Graph Neural Networks for Carbon Dioxide Adsorption Prediction in Aluminium-Exchanged Zeolites

TL;DR

A model which is 4 to 5 orders of magnitude faster at adsorption properties compared to molecular simulations is proposed and it is shown that the model can be used for identifying adsorption sites and is evaluated for generating novel zeolite configurations by using it in combination with a genetic algorithm.

Abstract

The ability to efficiently predict adsorption properties of zeolites can be of large benefit in accelerating the design process of novel materials. The existing configuration space for these materials is wide, while existing molecular simulation methods are computationally expensive. In this work, we propose a model which is 4 to 5 orders of magnitude faster at adsorption properties compared to molecular simulations. To validate the model, we generated datasets containing various aluminium configurations for the MOR, MFI, RHO and ITW zeolites along with their heat of adsorptions and Henry coefficients for CO$_2$, obtained from Monte Carlo simulations.
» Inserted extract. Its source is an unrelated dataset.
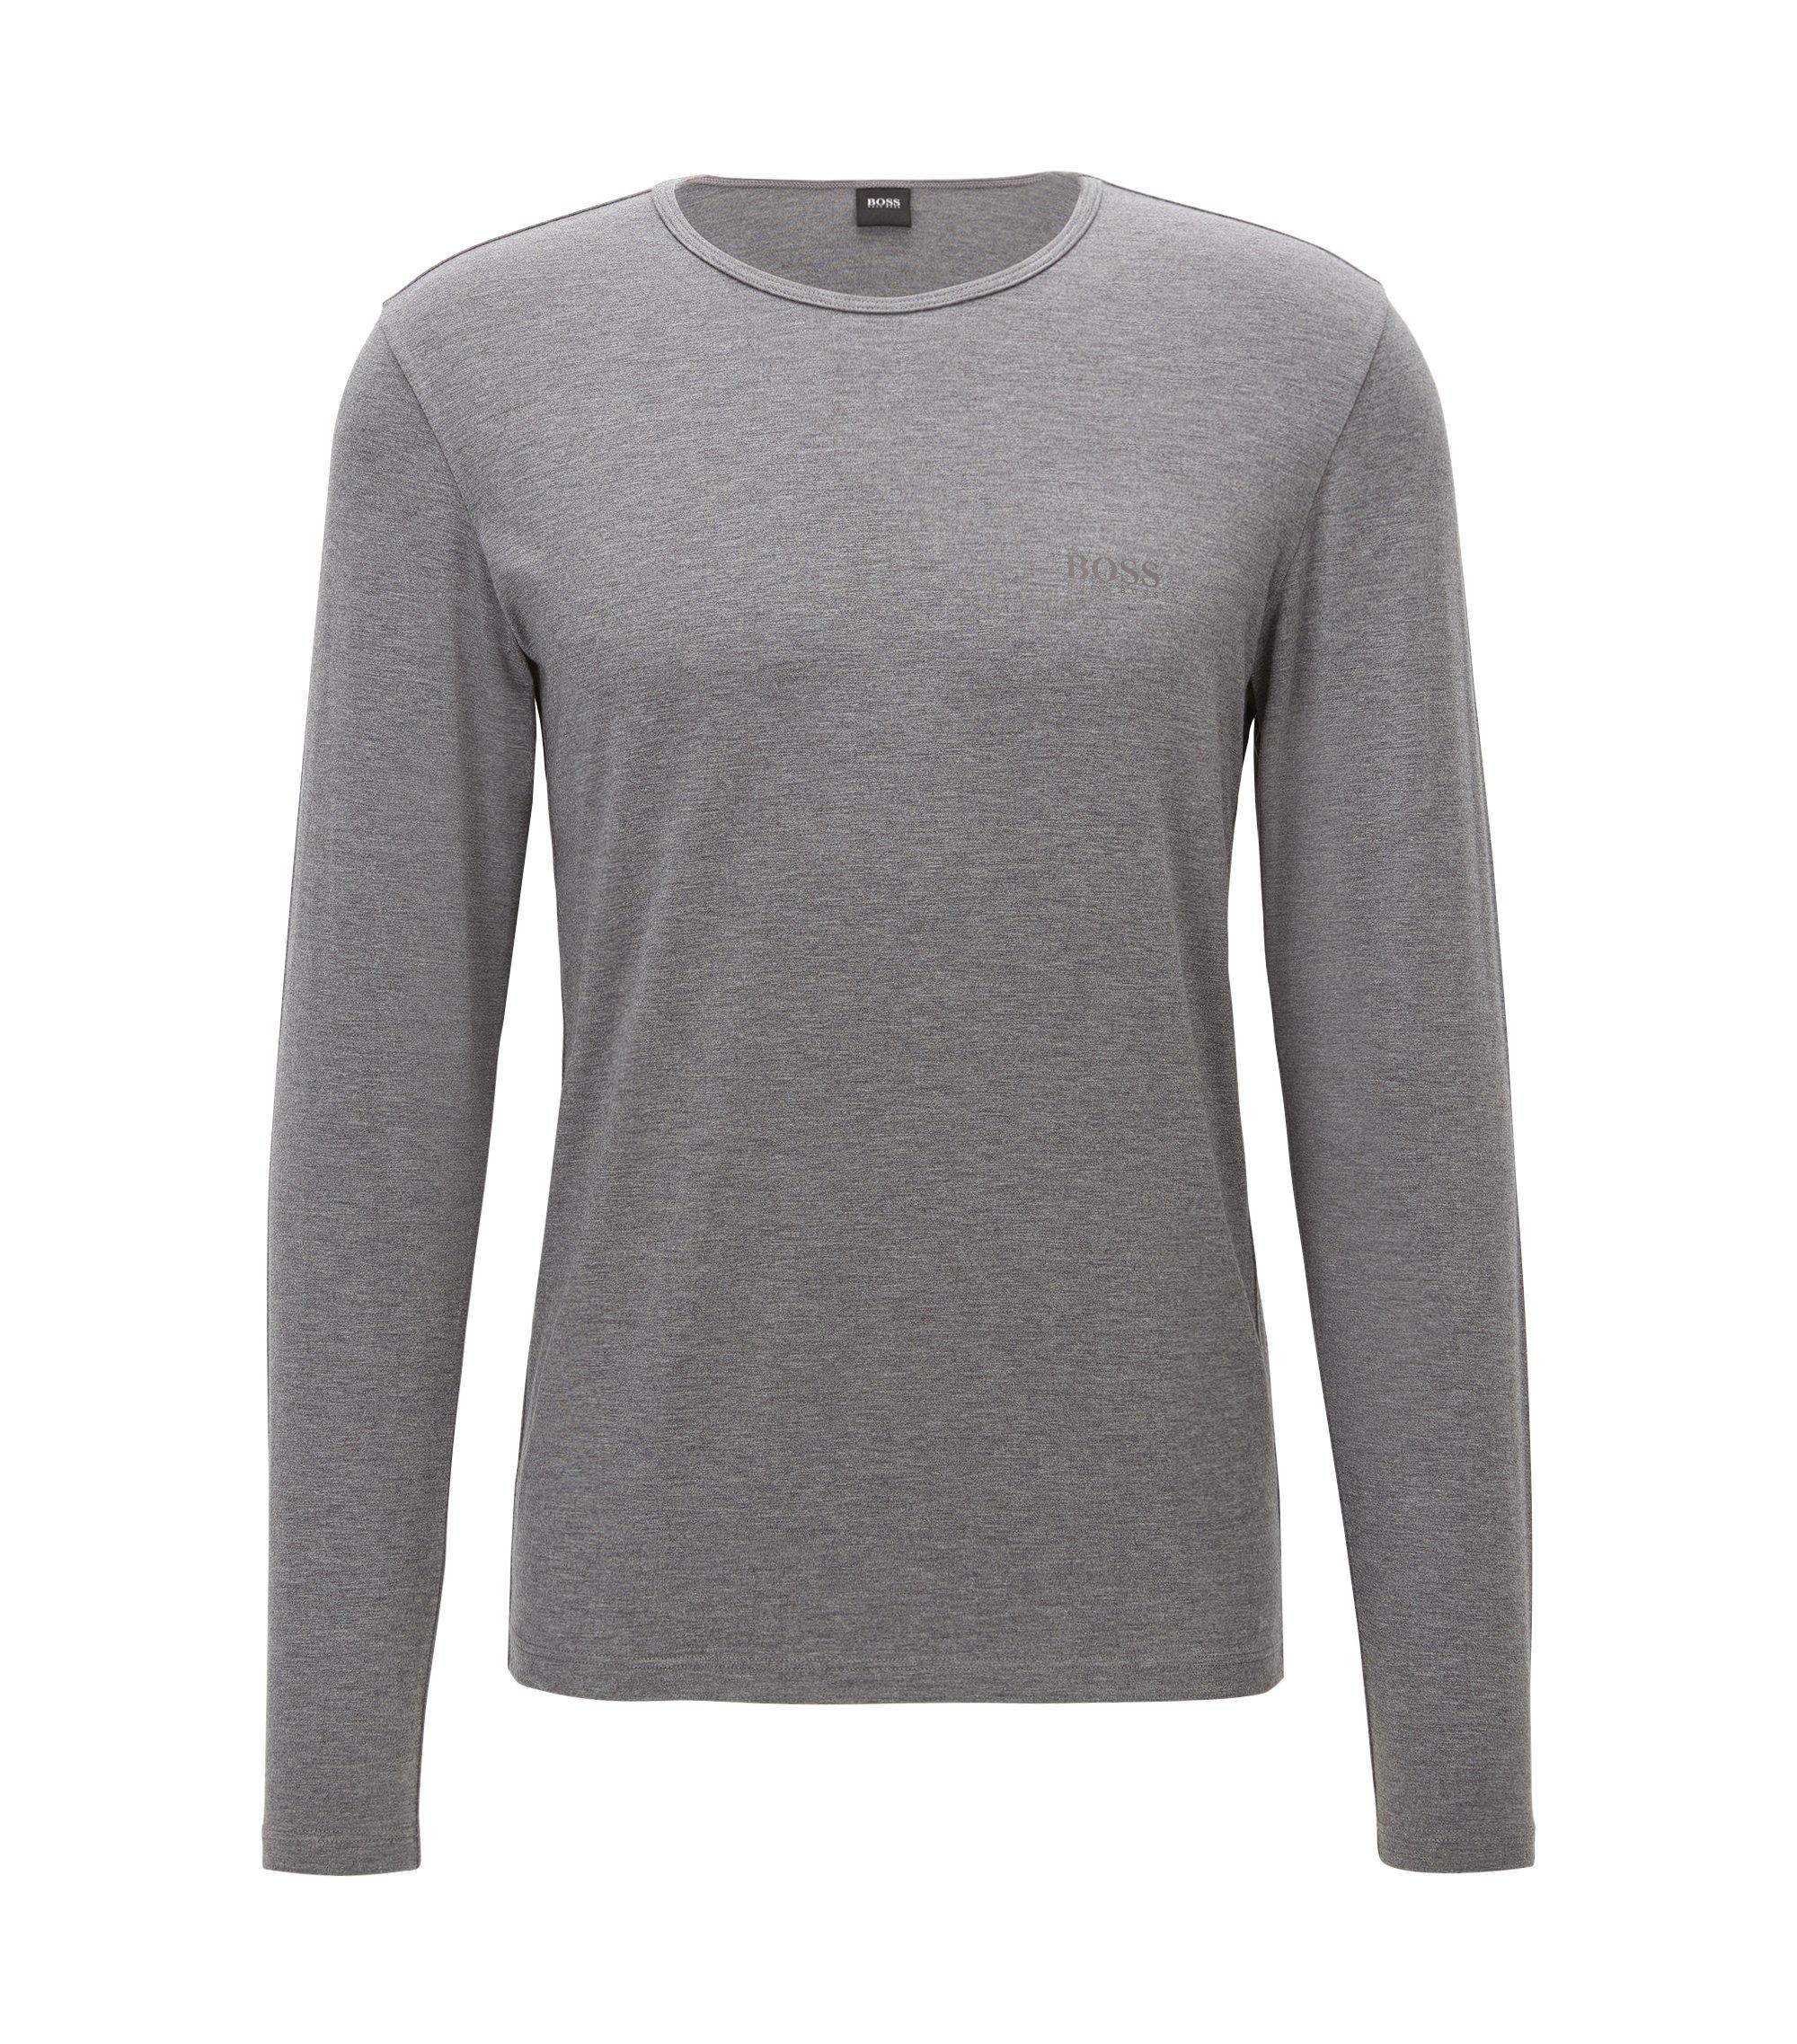 Stretch Thermal Long Sleeve T-Shirt | LS Shirt RN Thermal, Charcoal
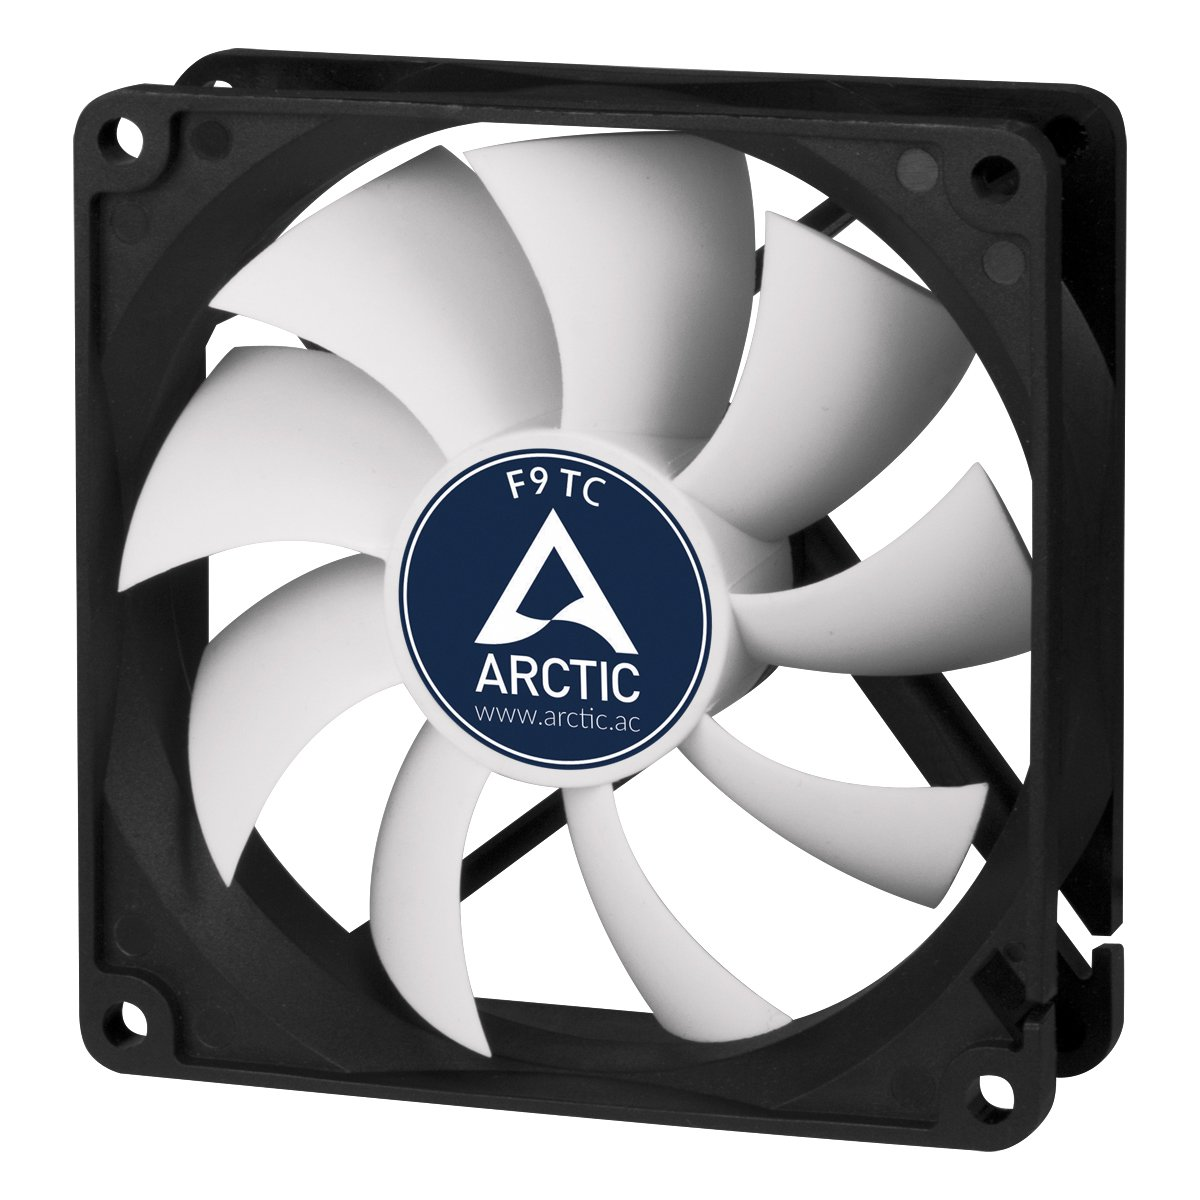 Arctic F9 Tc Temperature Controlled 92 Mm Case Fan Foxconn 12v Wire Diagram Standard Cooler Intelligent Heat Detector Regulates Rpm Push Or Pull

The predictions obtained from the Machine Learning model are in agreement with the values obtained from the Monte Carlo simulations, confirming that the model can be used for property prediction. Furthermore, we show that the model can be used for identifying adsorption sites. Finally, we evaluate the capability of our model for generating novel zeolite configurations by using it in combination with a genetic algorithm.

Figures (7)

• Figure 1: Pipeline comparison between calculating heat of adsorption using Monte Carlo simulations and our proposed ML method. Black arrows represent the property prediction process, while red arrows represent the zeolite generation process.
• Figure 2: Heat of adsorption and Henry coefficient distribution for different topologies. Vertical bars indicate the 95% confidence interval for each amount of aluminium substitutions substitutions.
• Figure 3: Zeolite structures used in this work. MOR, RHO and ITW are visualised along the z-axis, while MFI is visualised along the y-axis. Top row: Zeolite structures visualised using iRASPA dubbeldam2018iraspa. Bottom row: Zeolite graph representation for ML. Circles and squares represent T-atom nodes and pore nodes, while solid edges are drawn between T-atoms and dotted edges between T-atoms and pores. Edges/Nodes of the same color and type are symmetric, and thus share parameters. Note that for MFI we only visualised the top layer of atoms.
• Figure 4: Heat of adsorption and Henry coefficient for different topologies predicted by MC and ML on the test set. Vertical bars indicate the 95% confidence interval for each amount of substitutions.
• Figure 5: Heat of adsorption and Henry coefficient for all topologies predicted by MC and ML on the test set.